Therefore, the co-primary objectives of this study were to measure iron bioavailability from Fefum added to AA-fortified infant cereals containing: 1) a mixture of WG wheat and lentil flour, 2) a mixture of WG wheat and chickpea flour, and 3) WG oat flour and compare them with a refined-grain wheat flour–based meal (the reference meal). The co-secondary objectives were to measure iron bioavailability from Fefum and FeBG added to the infant cereal containing WG oat flour and AA and compare them with the reference meal. We hypothesized that: 1) iron bioavailability from the cereals containing WGs and pulses would be similar to the reference cereal, despite their higher content of inhibitory compounds because of the presence of AA; and 2) iron bioavailability from the WG oat-based cereal containing Fefum would be lower than the reference cereal, whereas iron bioavailablity of the same cereal containing FeBG would be comparable or superior to the reference cereal.

Methods

Study site and population

This study was conducted in Zomba, a rural town in southern Malawi. We recruited caregiver–child pairs from the pediatric outpatient clinic at Zilindo Health Center and performed the study at the Training and Research Unit of Excellence (TRUE) located at Zomba Central Hospital between January and May 2019. We obtained informed written consent or, if the caregiver was illiterate, informed oral consent with a thumbprint in the presence of a literate witness. Inclusion criteria for the children were: 1) age 6–14 mo; 2) no history of major disease; 3) no acute illness; 4) hemoglobin (Hb) >70 g/L;  5) not underweight or wasted [weight-for-age z score (WAZ) and weight-for-length z score (WLZ) >–2]; 6) caregiver of legal age of consent; 7) anticipated residence in the area for the duration of the study; 8) expected to consume the entire 25-g serving during test cereal feeding as assessed during adaptation; 9) completed 3 doses of preventive treatment of malaria with dihydroartemisinin piperaquine; and 10) completed 1 dose of anthelmintic treatment with albendazole.

Ethical procedures

Ethical review committees of the ETH Zurich and the College of Medicine, University of Malawi approved the study. We registered the study at clinicaltrials.gov as NCT03754543.

Study design

This was a single-blind, prospective crossover trial as described in main study procedures below (). In all infants, we measured iron bioavailability from 4 infant cereals: 1) Fefum added to an infant cereal containing AA based on a mixture of WG wheat and lentil flour (WG-wheat-lentil-Fefum); 2) Fefum added to an infant cereal containing AA based on a mixture of WG wheat and chickpea flour (WG-wheat-chickpeas-Fefum); 3) Fefum added to an infant cereal containing AA based on refined-grain wheat flour (refined wheat-Fefum) (reference meal), and 4) Fefum added to an infant cereal containing AA based on WG oats (WG-oat-Fefum).

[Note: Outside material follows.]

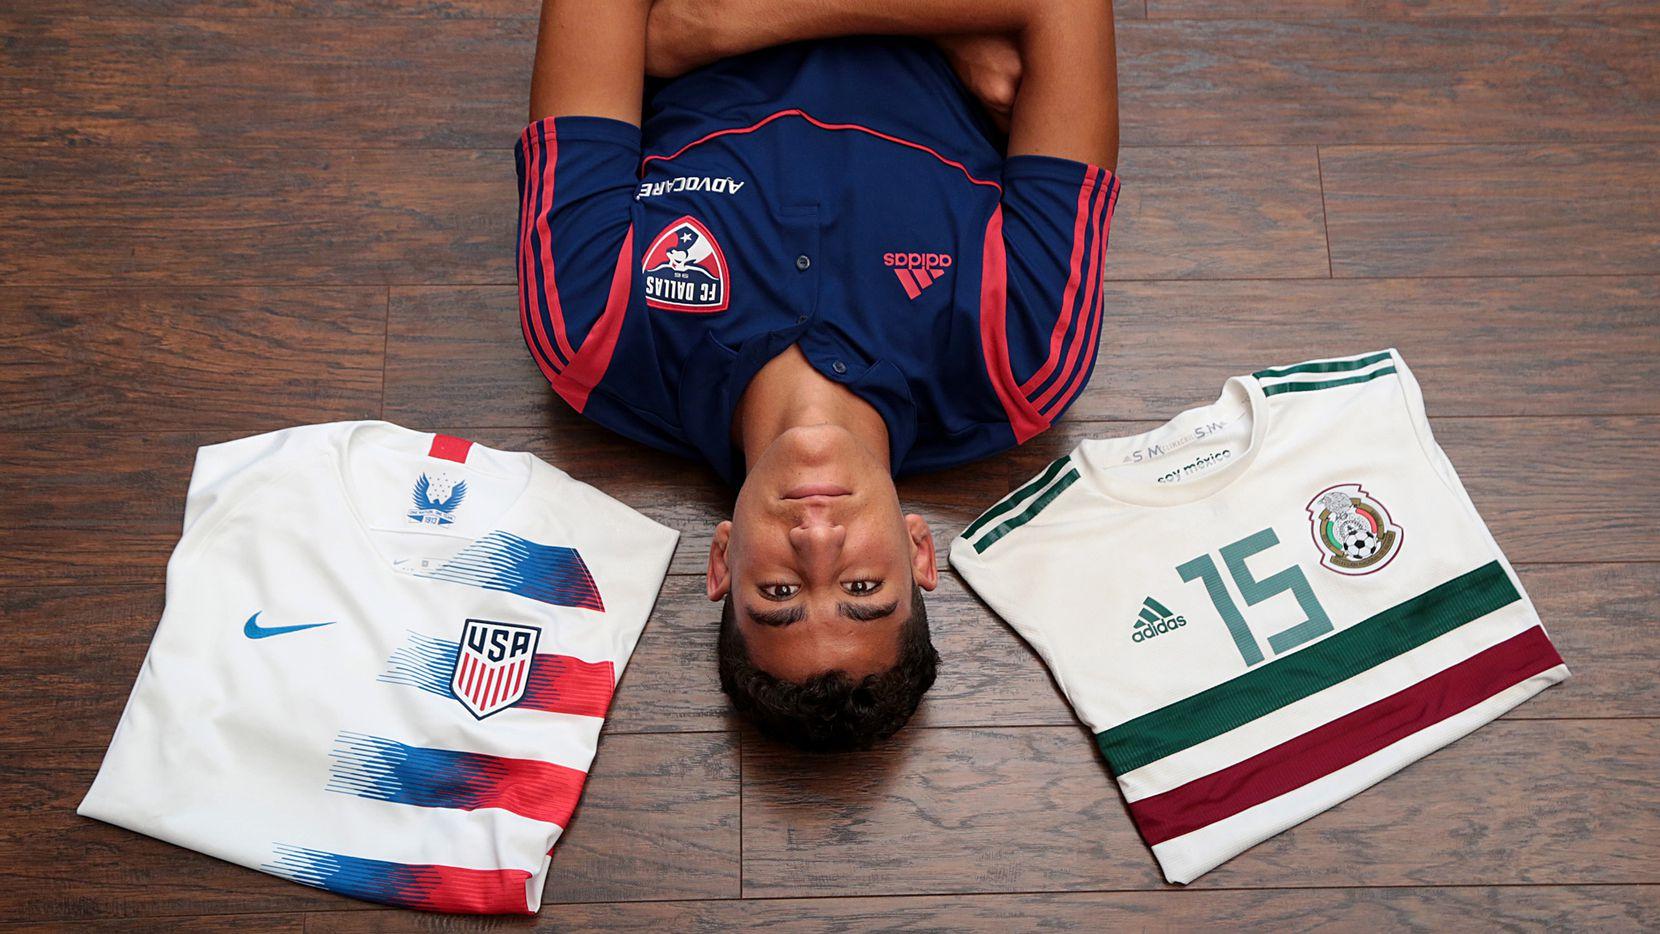 Nicolás Carrera, de 17 años y quien reside en Frisco, debe tomar una decisión: jugar con la selección de México o con la de Estados Unidos.

Finally, the same oat-based cereal formulation was used to evaluate the absorption from FeBG (WG-oat-FeBG).

FIGURE 1

Study design and participant flowchart.

Screening and adaptation

During screening, we collected a finger-prick blood sample for determination of Hb and C-reactive protein (CRP). Using a digital scale (Seca), we calculated child body weight by measuring the body weight of the mother alone and when holding the child to the nearest 0.01 kg. We measured child length using a rigid measurement board to the nearest 0.5 cm. We assessed demographics, health status, and feeding habits of the children using a standardized questionnaire. To ensure complete consumption of the labeled 25-g test meal during the study period, children had to consume 25 g of cereal fortified with AA and 2.25 mg Fefum reconstituted with 90 mL of water daily for 5 d as an adaptation. The children consumed the first, fourth, and fifth meals at the research unit under supervision of the study team. After completion of the meals, we rinsed the feeding bowls 2 times with 5 mL of water and the children consumed the rinse water. For the remaining 2 meals, we provided caregivers with 2 sachets of cereal and a graduated measuring cup and showed them how to prepare the cereal at home. Children able to consume and complete the serving during adaptation were included into the main study.

Antimalarial and anthelmintic prophylaxis

After a successful adaptation, the children received the antimalarial prophylaxis P-Alaxin (Bliss GVS Pharma) once daily over 3 consecutive days. We calculated the dose based on body weight (0.5 tablet/d for 5−9.9 kg and 1 tablet/d for 10−19.9 kg). They also received anthelmintic prophylaxis as a single dose of the albendazole oral suspension (ALwo; Leben Laboratories PVT Limited).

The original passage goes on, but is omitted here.